• [Data for analysis]:
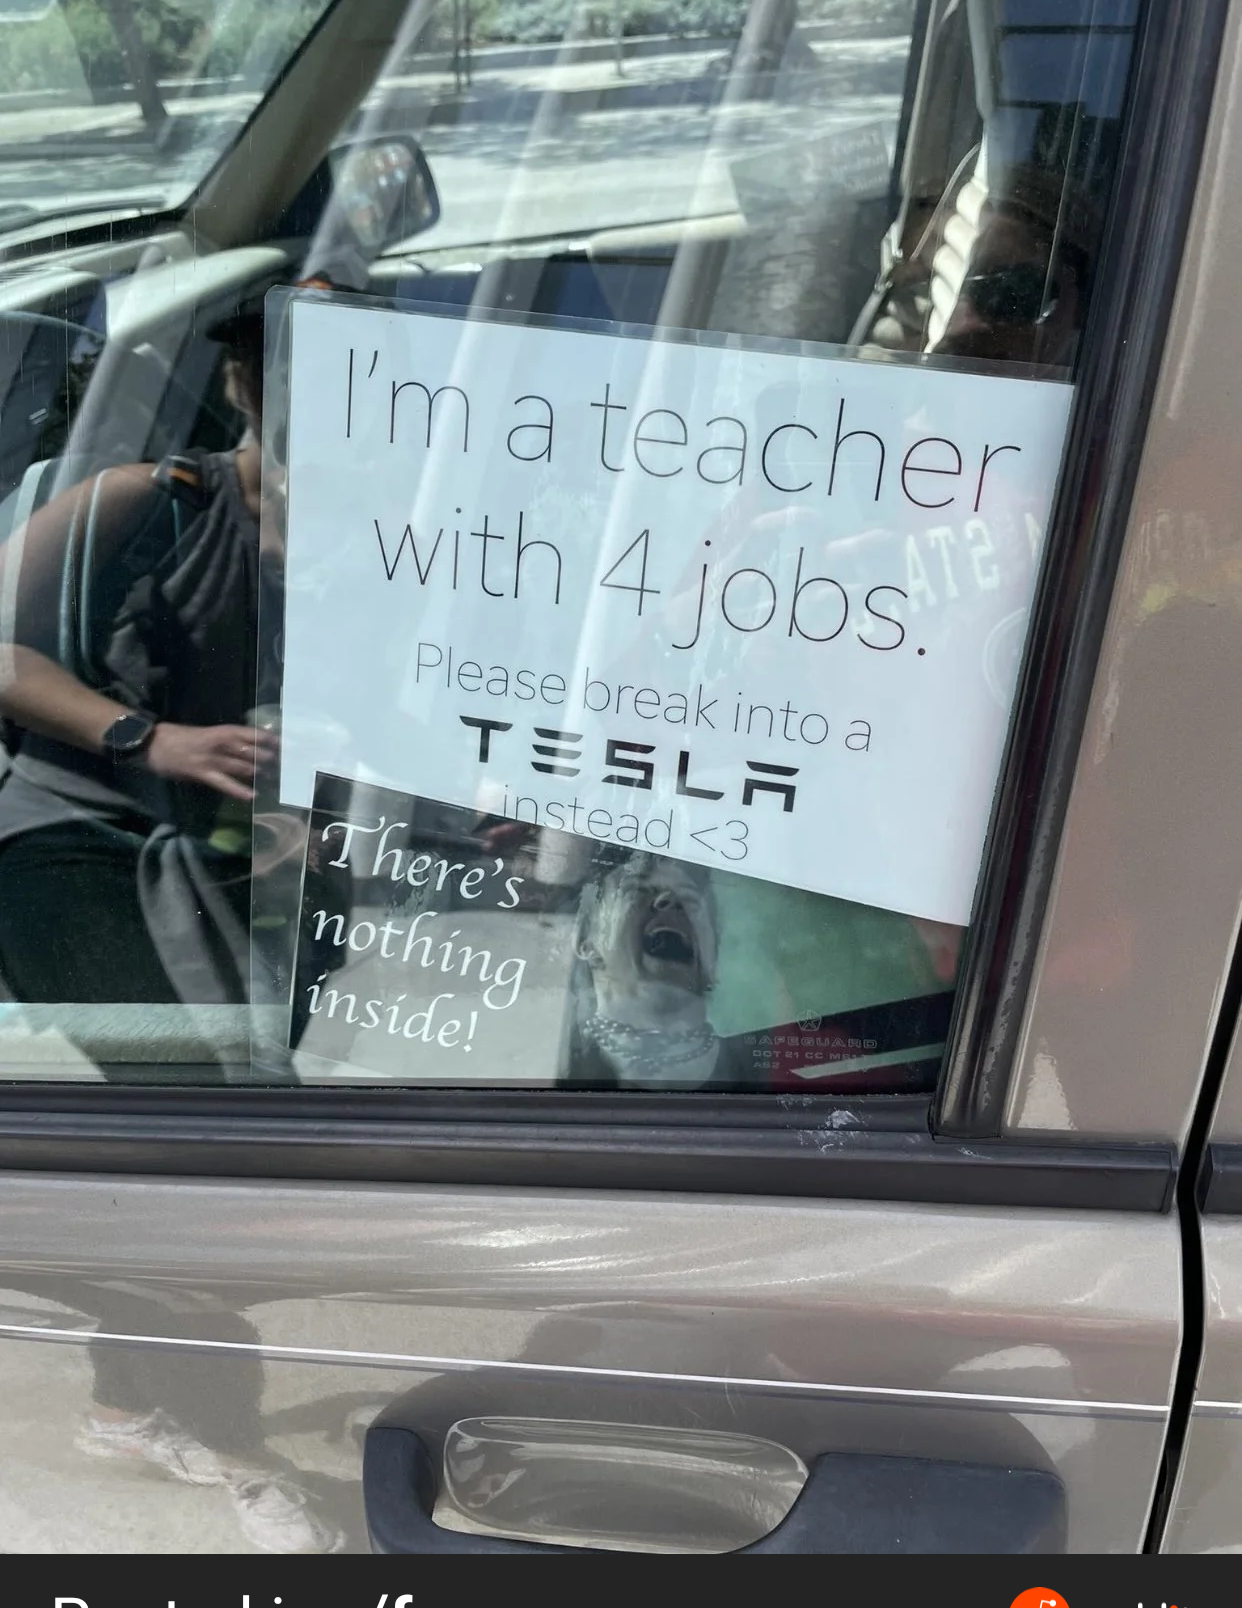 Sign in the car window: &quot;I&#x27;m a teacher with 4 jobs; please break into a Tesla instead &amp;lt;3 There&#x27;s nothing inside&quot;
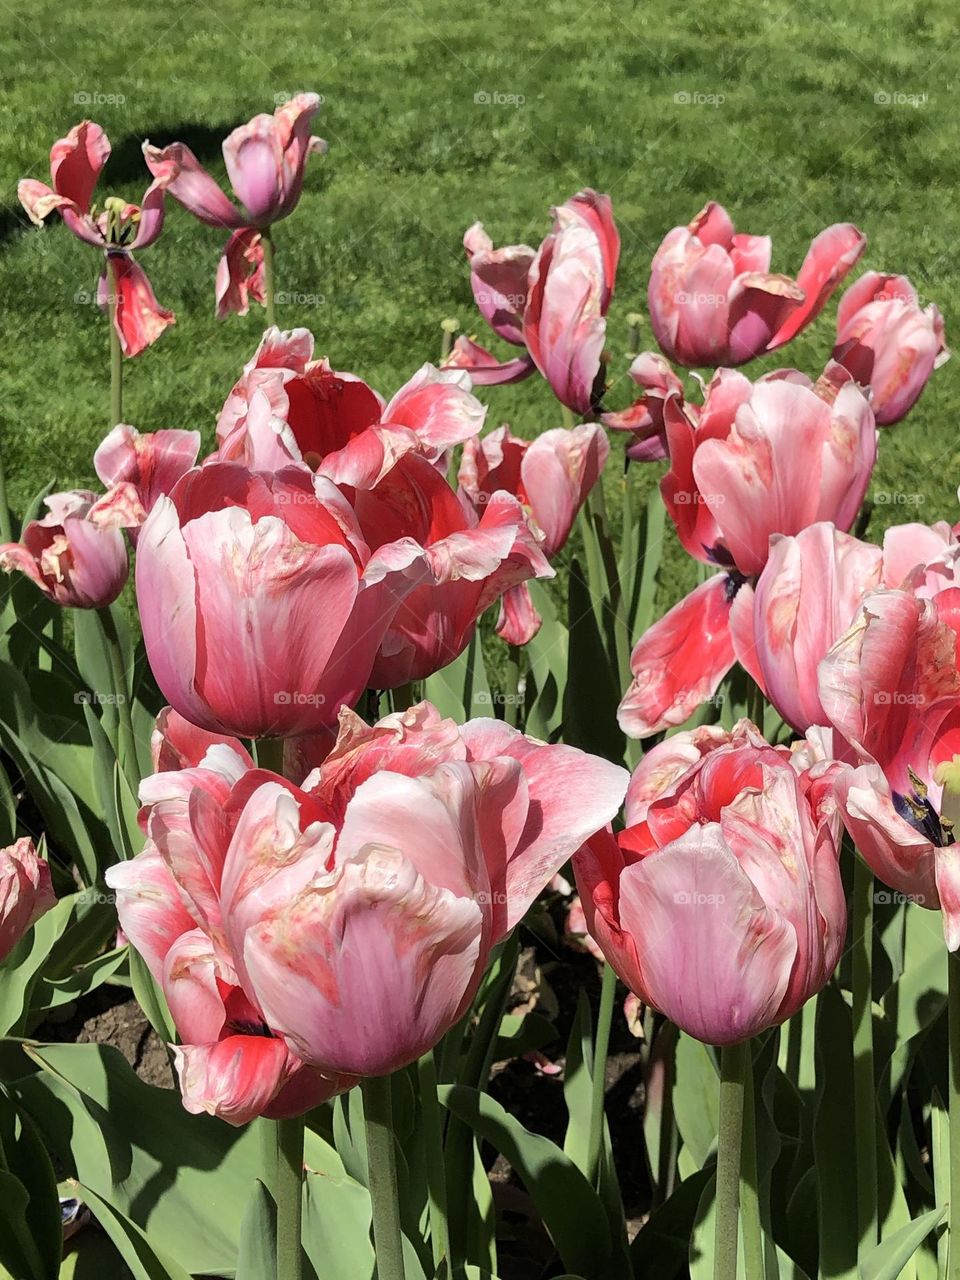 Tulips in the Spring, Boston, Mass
---
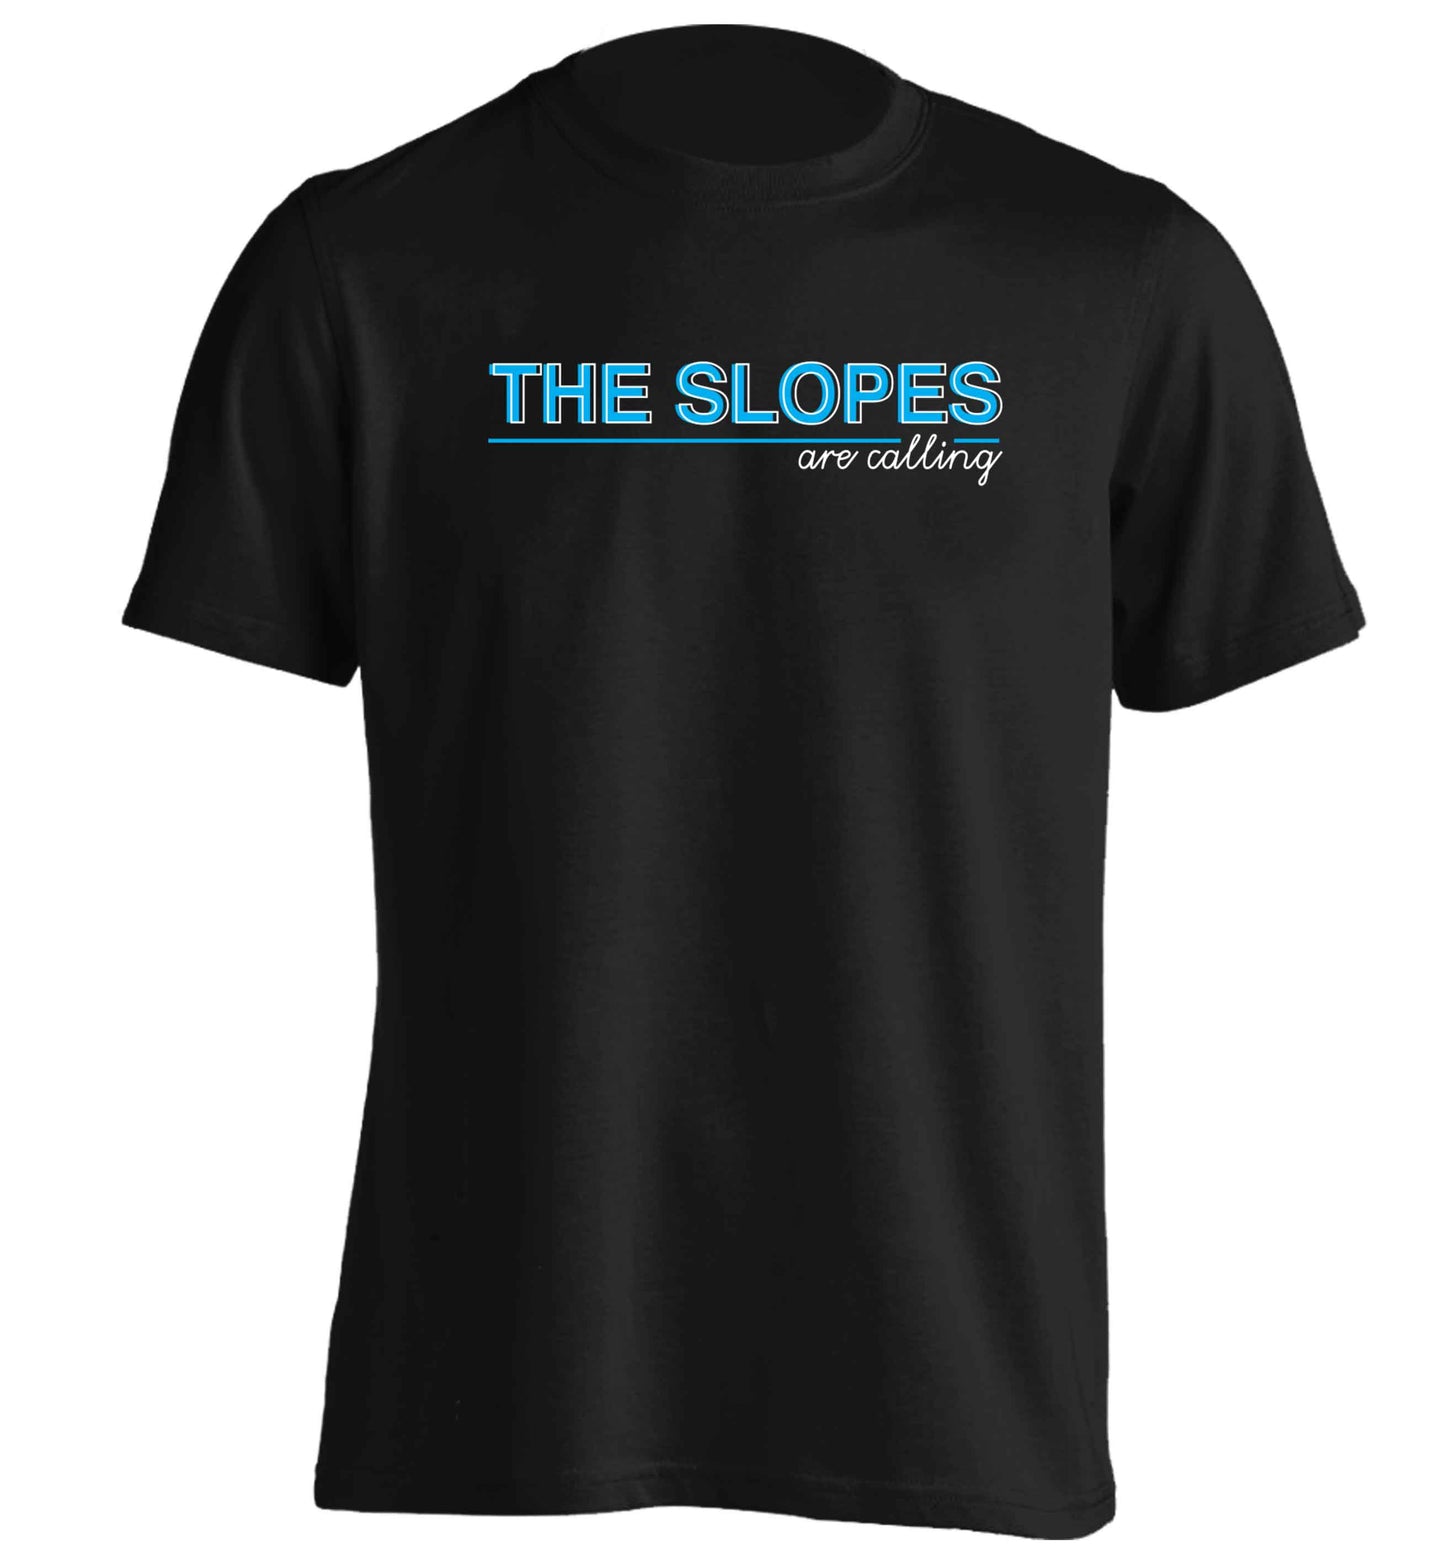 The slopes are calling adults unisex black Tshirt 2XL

• [Exercise]: All that should appear in the answer is the lines above from the line with "Sign in the" through the line with "Tulips in the Spring, Boston, Mass", retyped exactly, pictures left out.

• [Your response]:
 Sign in the car window: &quot;I&#x27;m a teacher with 4 jobs; please break into a Tesla instead &amp;lt;3 There&#x27;s nothing inside&quot;
 Tulips in the Spring, Boston, Mass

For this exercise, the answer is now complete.